I look closely at the photograph of Enya and recognize her as the woman with the pixie cut who nodded to me each day in the crowd as I was jeered and jostled on my walk across the courtyard at Highland Castle.
“Lisa Life published this today,” she says, handing me a new article from a folder.
“Compassion and Logic: The Perfect Pairing. Our Perfect Leader?”
There is a photograph of me, looking strong and determined, standing in court. I don’t remember ever feeling how I look in the photograph. It’s a girl, no, a woman, whom I would trust, a woman I would think is strong and powerful. A woman who appears to know exactly what she’s doing. How deceiving appearances can be.

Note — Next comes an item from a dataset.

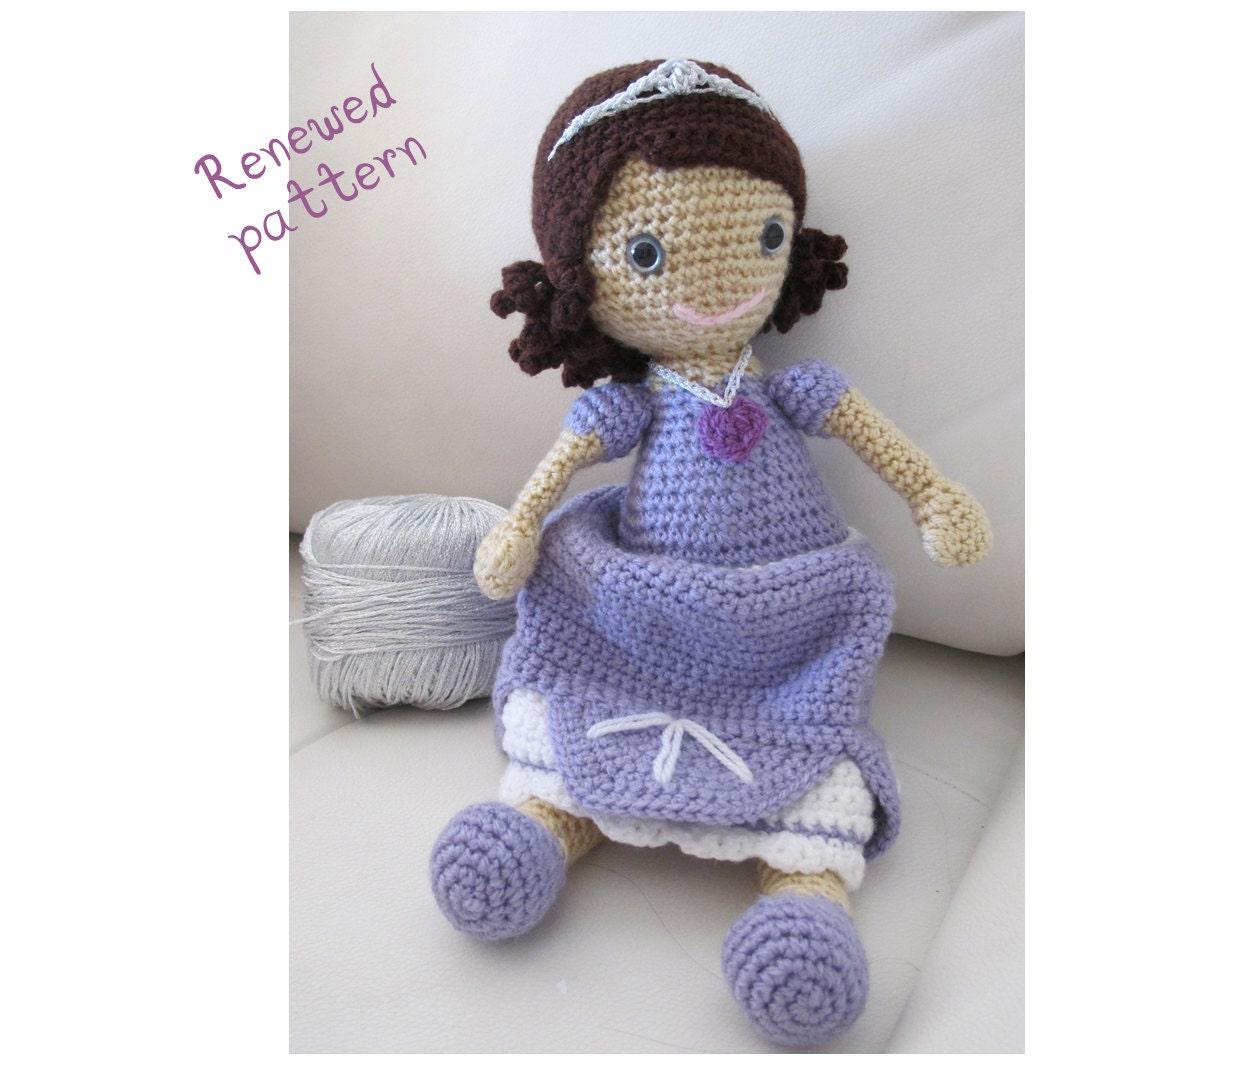 Amigurumi Star Wars Anleitung Kostenlos : Princess Sofia Crochet doll pattern Amigurumi pattern

Pia dumps article after article on top of my lap, one after another, so quickly that I have time only to take in the headlines and the photographs before another lands on my knees. She spreads them out on the coffee table. More and more. Images of me, page after page of stories and familiar quotes, so much that I don’t recognize the person I’m seeing.
“This is all Lisa Life?” I feel embarrassed, feel my cheeks blush. It’s overwhelming to see all this support.

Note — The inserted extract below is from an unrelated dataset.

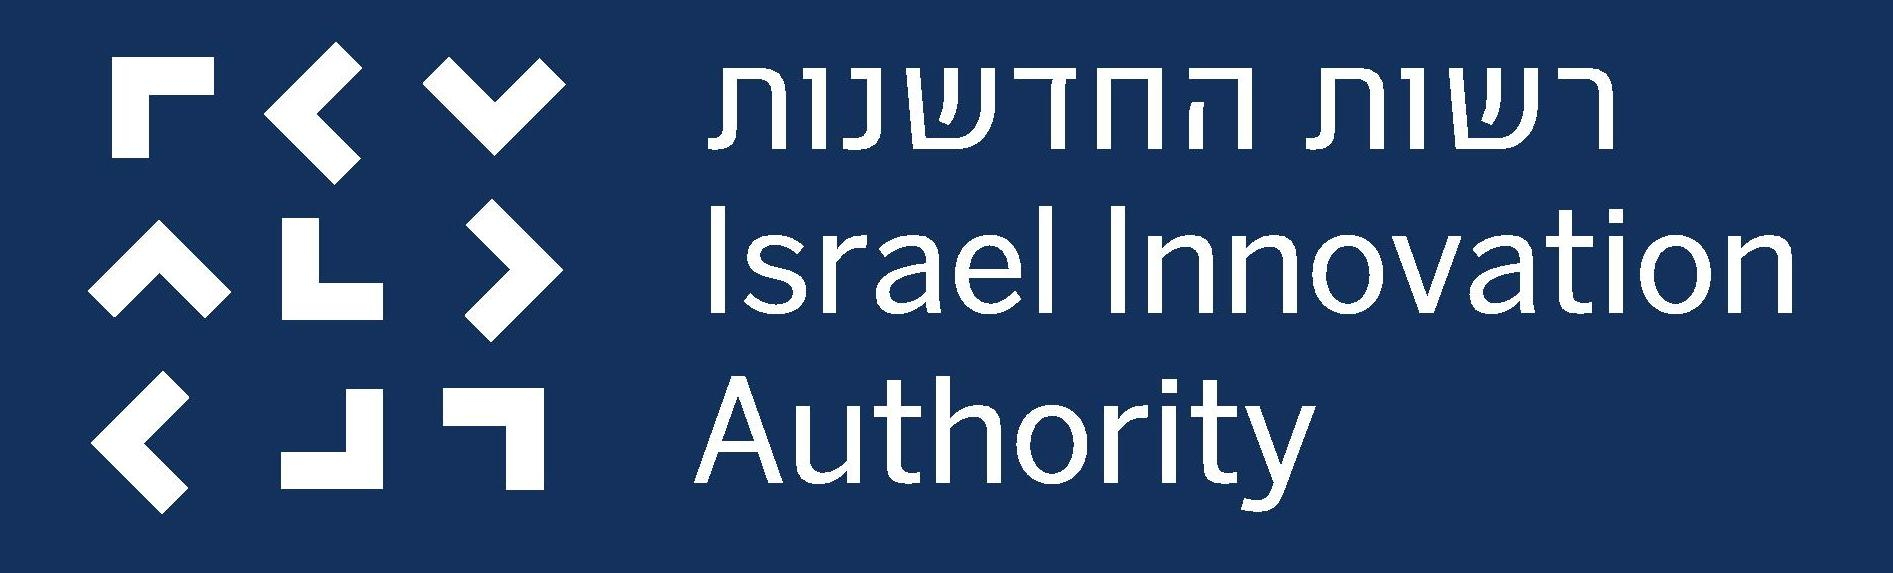 Innovation-Authority-logo-blue

“No, not all of them. I gathered as many supportive articles as I could. There are many more, Celestine.”
I can’t believe that people I have never met think so highly of me. If they had seen me on my knees, begging and cowering in the shed in front of Logan, taking back everything I had done … Pia interrupts my dark thoughts. “Do you see what’s happening? The power you have and don’t even know it?”
I laugh bitterly and feel the ache in my ribs and in my pounding, pulsating head. Earlier this week I thought I could take on Crevan; all day today I’ve curled up in a ball and cried, admitted defeat.
“Power? I got locked up in a shed by four people in my class, and the police and the school don’t care. They can’t help me. Two people I love most in the world betrayed me. I can’t even stay out after eleven PM. I have no power , Pia.”
“Yes, you do. You know you do. The power doesn’t just lie in the sixth brand on your spine, but in the strength you’ve had in getting it. What you did on the bus, what you said at the trial, the way you faced Crevan. I’ve worked at the castle for ten years, and I’ve never seen anyone speak to him like that. Now use that power and hone it, because you’re going to need it with what’s to come.” She sighs. “The thing is…”
My heart hammers, and I brace myself.
FIFTY
“I’VE BEEN TRYING to meet with Mr. Berry,” continues Pia. “I’ve called his office, cell, home, every number I have for him, and there’s no answer. I went to his home, and his husband doesn’t know where he is. Says he’s been gone for weeks and hasn’t heard from him. None of Mr. Berry’s clients have heard from him, nor his staff, though they think he’s on a sudden holiday as he was inclined to do that, but I know that’s not the case this time. Not with what we know, Celestine.”